店主は先程まで騒然としていた店内の様子を見ていたにも関わらず冷静に返事をすると、料理と拙者の顔が書かれた手配書を差し出してくる。
「いただきます」
出された食事を頬張りながら、カウンター上に置かれた手配書を眺める。
……賞金百万円か。
中々の金額だが、賞金首になるような奴は余程の悪事を働いているか、他人から恨みを買うような奴と相場が決まっている。
そのどちらでもない拙者に賞金をかけたのは、一体どこのどいつなのだろう?
このタイミングで手配をかけられたというのは、やはり先程の赤肌の角男達と何か関係があるのだろうか?
……知るべき事が増えた。
「うん、中々の味だ。店主、拙者が襲われた理由はわかったが、お主は何故拙者を襲わなかった?」
「私の仕事は料理と情報を提供する事です。
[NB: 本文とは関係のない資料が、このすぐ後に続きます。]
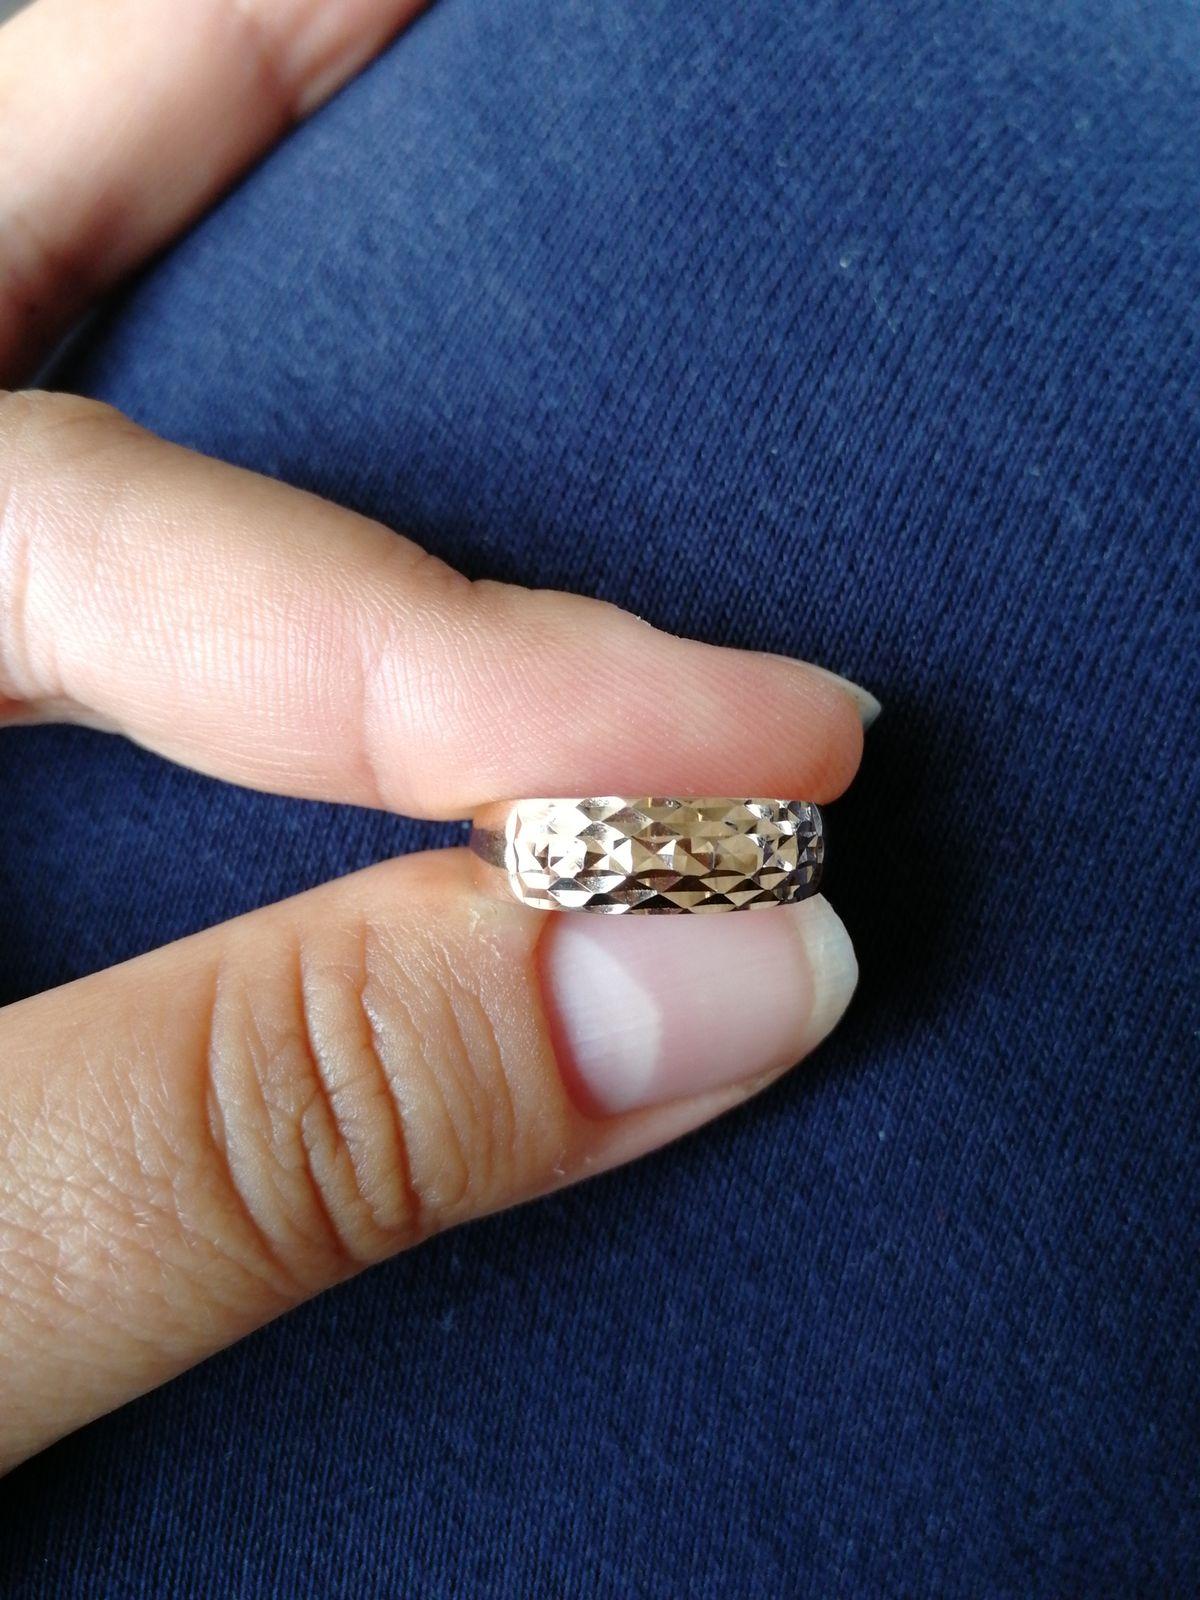 Кольцо, колечко.

それに、互いの力量差はわきまえています」
……前々から思っていたがこの店主、只者では無いな。
店主の素性も気になるが、今は自身の目的を優先しよう。
「そうか、それなら仕事をしてもらおうか。教えてもらいたい事は二つ。赤い肌に角を持った男達の情報と、拙者を手配した奴等が何者かだ」
「……貴方を手配した者達と、赤い肌の男達は恐らく同一の組織でしょう」
店主はそう言って、一枚の紙切れを差し出してくる。
その紙切れ……名刺には『秘密結社鬼ヶ島』という会社の名前と住所、電話番号が記されていた。
……そのまんまな名前だな。
名刺をポケットに仕舞うと、食事を終えて席から立ちあがる。
「ご馳走様。これは食事と情報の代金だ」
財布から十枚程のお札を取り出して店主に渡すと、店主はお札の枚数を数えてから一度だけ頷く。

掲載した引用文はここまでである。